Smart Contracts Comparison Taking into Account Storage Instructions

We will now have a look at smart contracts that use computational as well as storage instructions. Our results are shown in the chart below. Each line represents a combination of source language and smart contract engine:

  • Ink: smart contract written in Ink! and compiled to Wasm
  • Wat: smart contract written in Wasm text format and compiled to Wasm
  • Solang: smart contract written in Solidity and compiled to Wasm via Solang
  • EVM Pallet: smart contract written in Solidity, compiled to EVM and executed via Substrate’s pallet-evm
  • Go Ethereum: smart contract written in Solidity, compiled to EVM and executed in the Go Ethereum client

The horizontal axis stands for the percentage of storage instructions in relation to all executed instructions.
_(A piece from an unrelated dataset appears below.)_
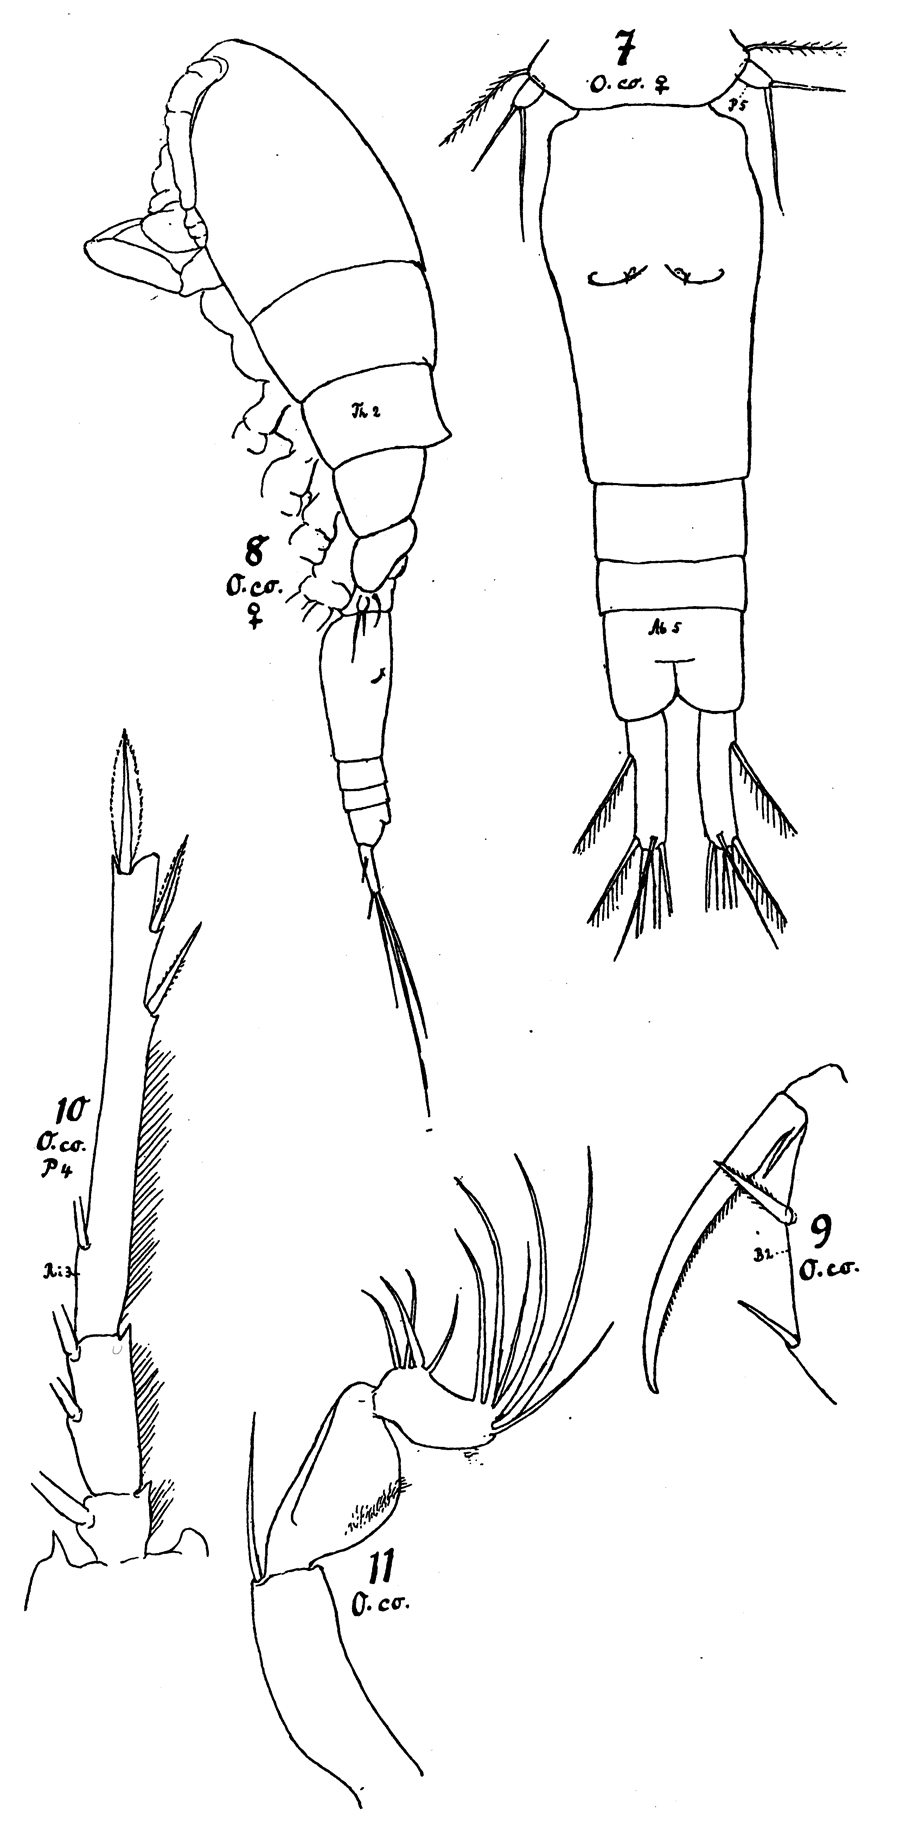 Species Triconia antarctica - Plate 5 of morphological figures

The vertical axis measures the execution time. Note that both axes are logarithmic. The diagram shows that the difference in execution time diminishes for smart contracts with higher utilization of storage instructions. Two observations are noteworthy: firstly, the fact that the Go Ethereum line crosses the lines for the Wasm based technologies is due to the fact that Go Ethereum uses a storage implementation that differs from the one in Substrate’s pallet-contract and is more efficient. This gives Go Ethereum a performance edge in case the smart contract interacts a lot with the storage. Secondly, the difference between the performance of the EVM Pallet line and pallet-contracts even increases further for storage heavy smart contracts (the logarithmic scale makes this hard to see).
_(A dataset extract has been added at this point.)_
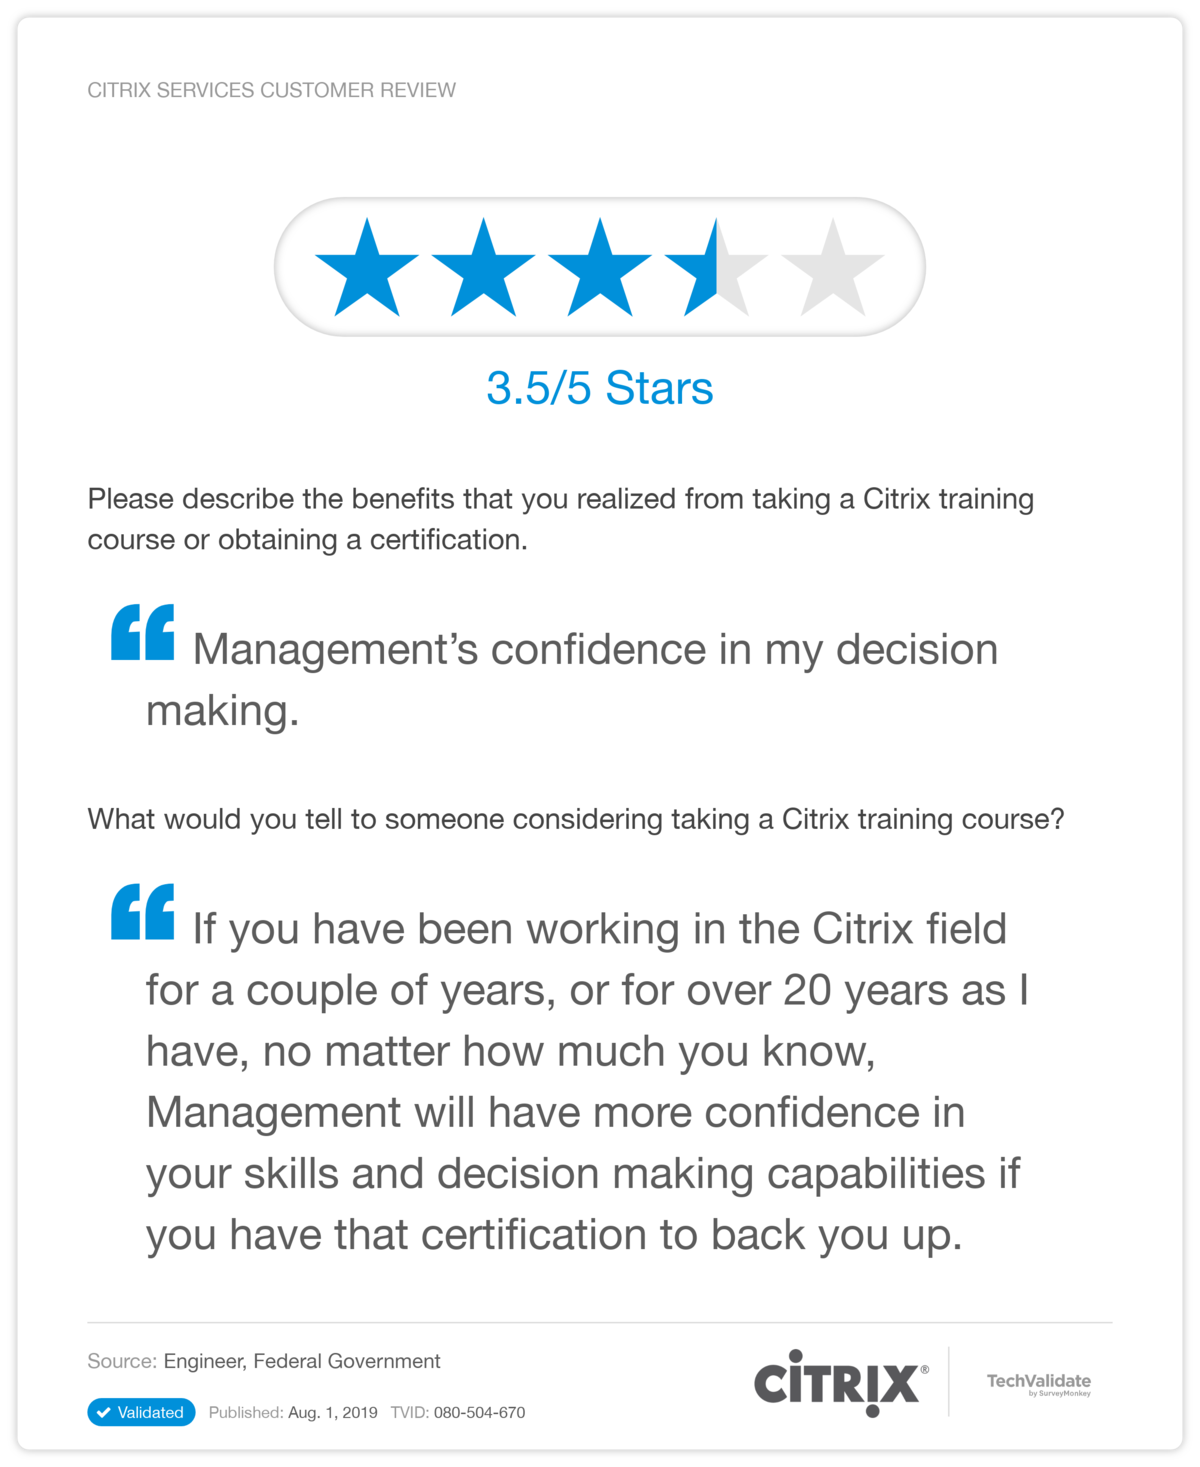 Citrix Services Customer Review

Where would a typical smart contract be located in this diagram? To answer this question we analyzed a huge number of smart contract executions from the smart contract library Open Brush by Supercolony. We consider these prototypical practical smart contracts. The ratio of storage to computational instructions vary wildly for each smart contract execution. The next diagram shows the frequencies we determined. Most executions fall into the range between 0.05 and 0.1, i.e., most smart contracts execute 5% to 10% storage instructions.

Conclusion

We conclude that Wasm is still the most performant smart contract technology even for practical smart contracts that access the blockchain storage.